In any case, yeah, I think there are intentionally evil animals. Lions & bears will kill cubs that aren't their own, as one example. If you mean "intentionally jerky animals that do bad things without any gain to themselves," I think so too. I once read that a whale (or maybe dolphin?) was spotted tossing its prey up and down for fun, and it was pretty clear that the prey was in a huge amount of pain. It doesn't seem that big of a stretch to think that animals could be jerks, based on the fact that they could do things for fun that caused harm to other animals.
With your lions and bears example, don't they kill other cubs so that their own genes can be dominant? So I'd argue that it's not exactly "evil," but makes sense in a gene-propogation sort of way. I suppose it's impossible to judge intent with animals, but I wouldn't exactly call that evil.
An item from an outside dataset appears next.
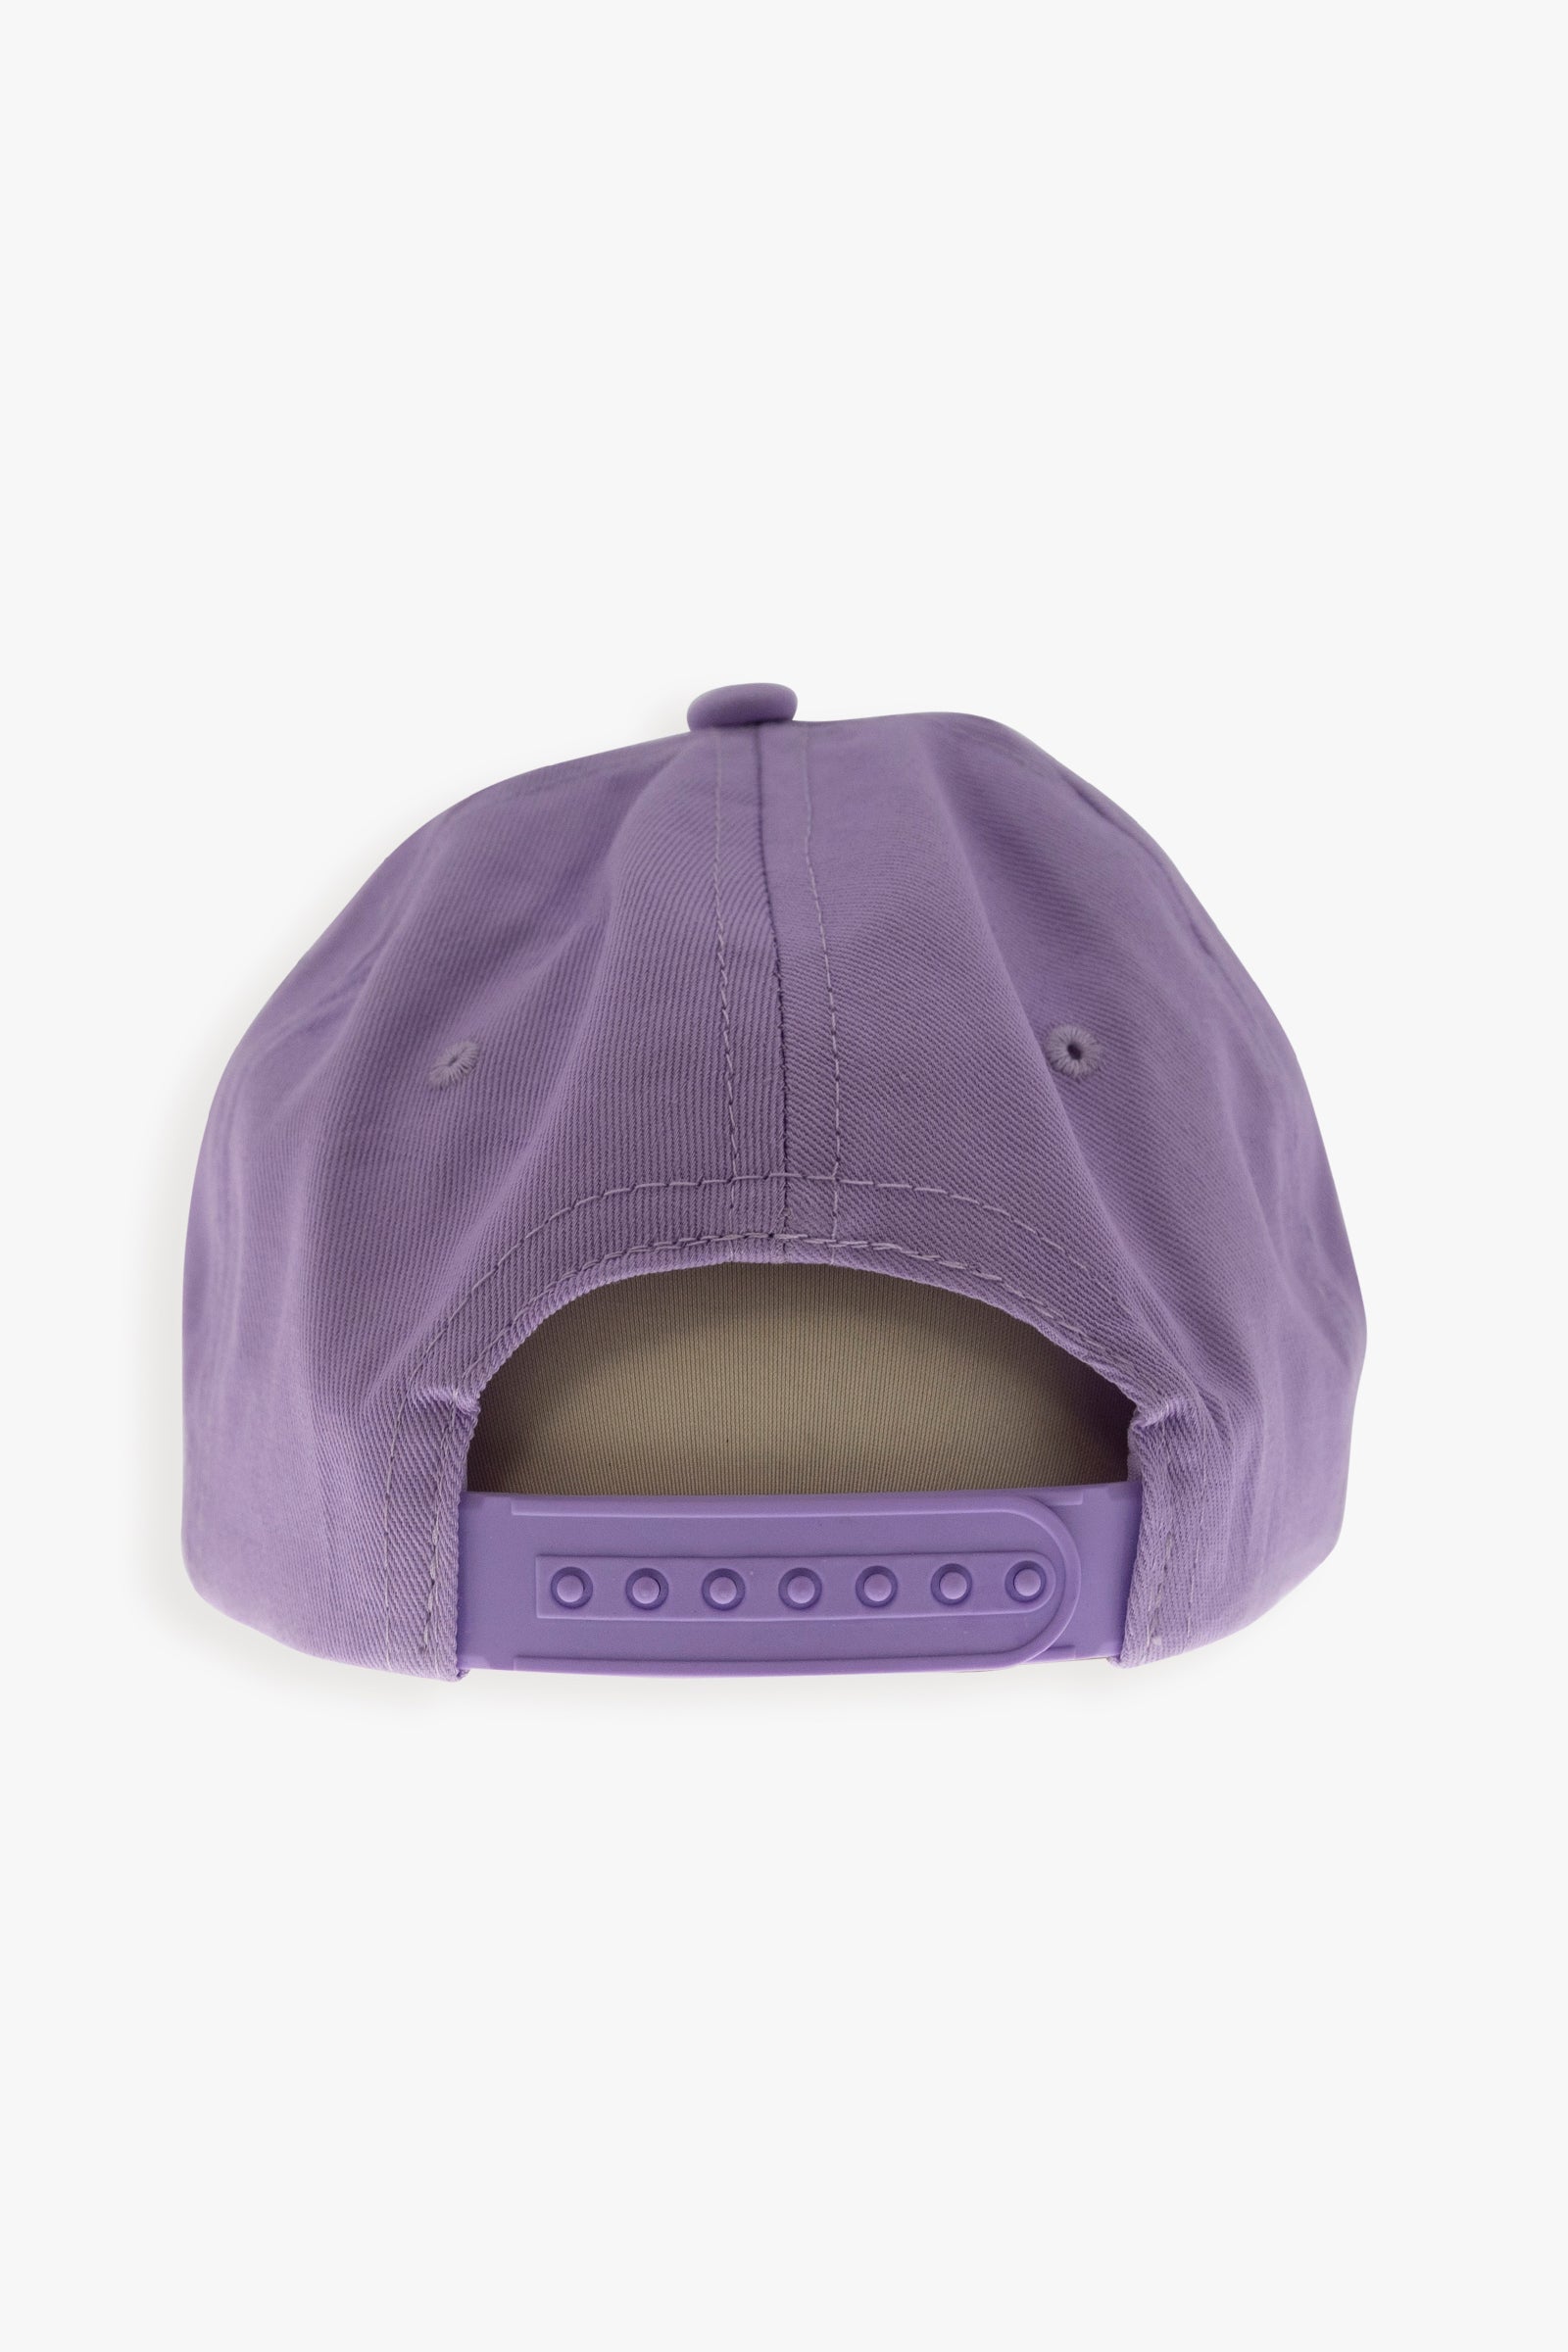 Gertex Barbie Youth Girls Baseball Cap Hat in Purple

evil (or at least just very scary):
link
Seems like it all depends on how you define 'evil' behavior for animal. I think its pretty difficult to apply our own human moral judgments on an animal when they appear to be dictated by instincts developed over generations of learned behavior and needs to survive and propagate. Seems like to be evil is need to be a conscious choice.
All that said, I had a pissy little fish that would constantly eat its own babies. Never really understand that one.
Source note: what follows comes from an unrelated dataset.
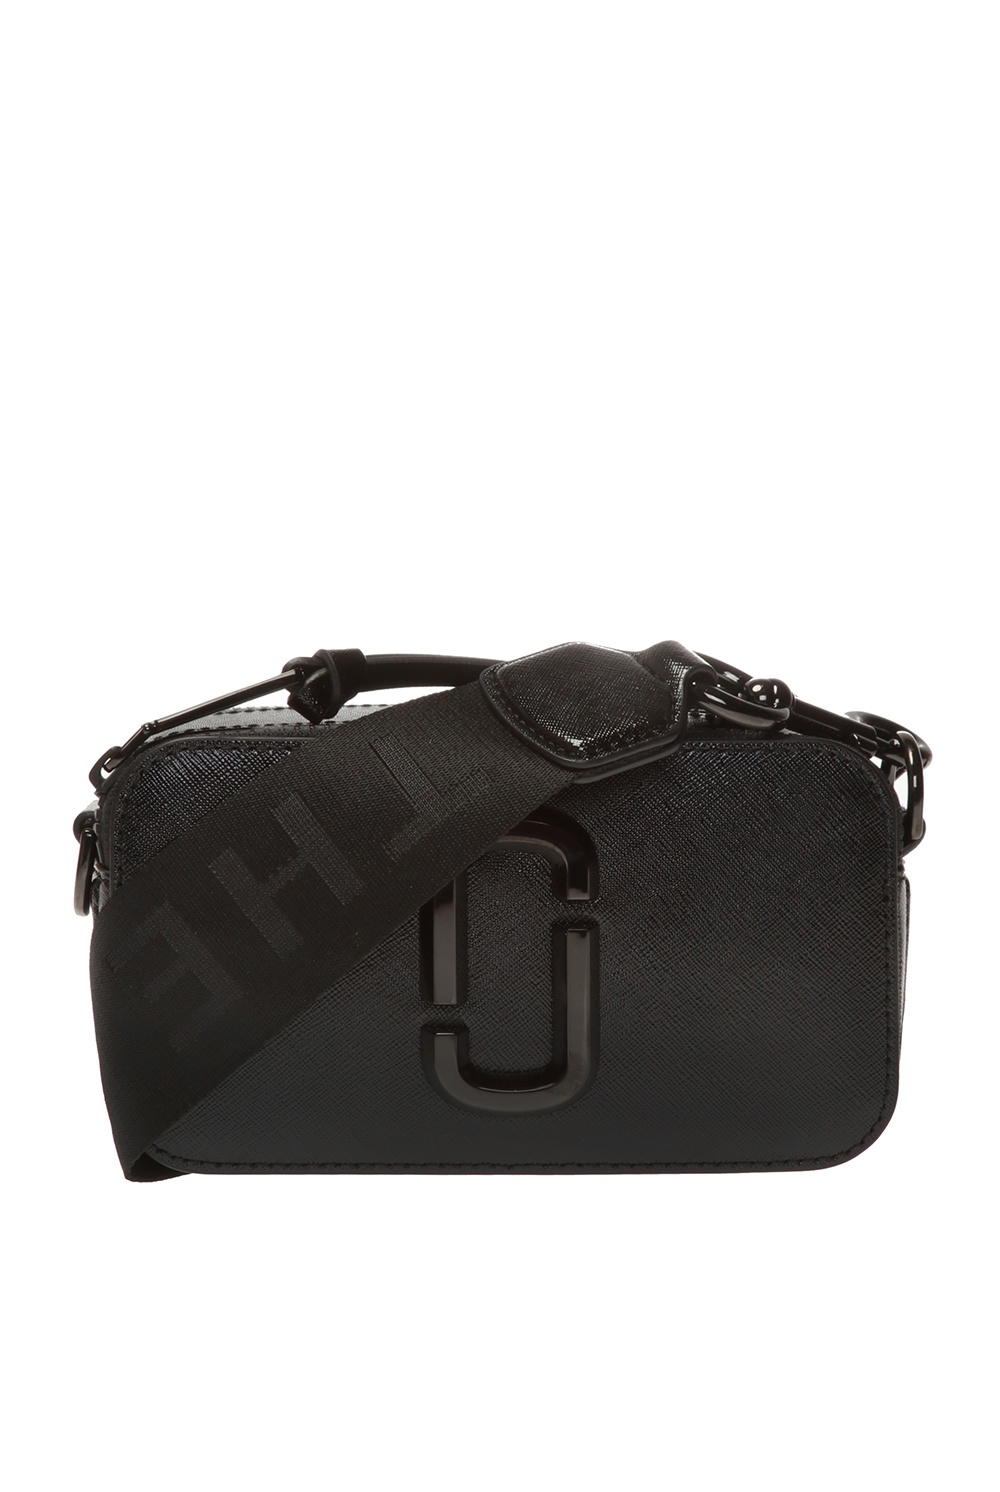 Cross body bags Marc Jacobs - Snapshot leather crossbody bag -  M0014867SNAPSHOT001

Well, getting back to your "asshole dolphins" -- I mean, if I cut lots of people off on the road and tailgate like crazy, I'm doing it so that I can get home a little faster despite what it might do to make you uncomfortable while driving. That sort of makes sense to me, but it's still an asshole thing to do. Even taking the example of people who do mean things when they don't gain by it, I'm guessing (because obviously I've never done that, no...) that they get a small thrill from it -- so regardless, if you horrifically oversimplify, I'd say that people won't do anything without getting some gain out of it.
So extending that to animals, it makes sense (to me) that since humans can do something like that, couldn't animals? Simple mammals might, but I don't see why a mildly miswired smarter mammal wouldn't get pleasure out of seeing something else suffer. It's been shown that smart enough animals can understand pain that's not being inflicted on them... so given that they might be able to actually perform that, I don't see why you wouldn't get that happening with at least a few cases.
Personally, it seems like altruism that doesn't involve your own genes is the harder one to explain...
I don't know about dolphins, but I've definitely known some cats who were assholes.
While reading about autism, I learned that only humans 5 years and older and possibly some higher primates have the ability to view a situation from anyone's point of view other than their own. Therefore, most if not all animals have no conception of the impact of their actions on another individual. Conclusion: not evil, just stoopid.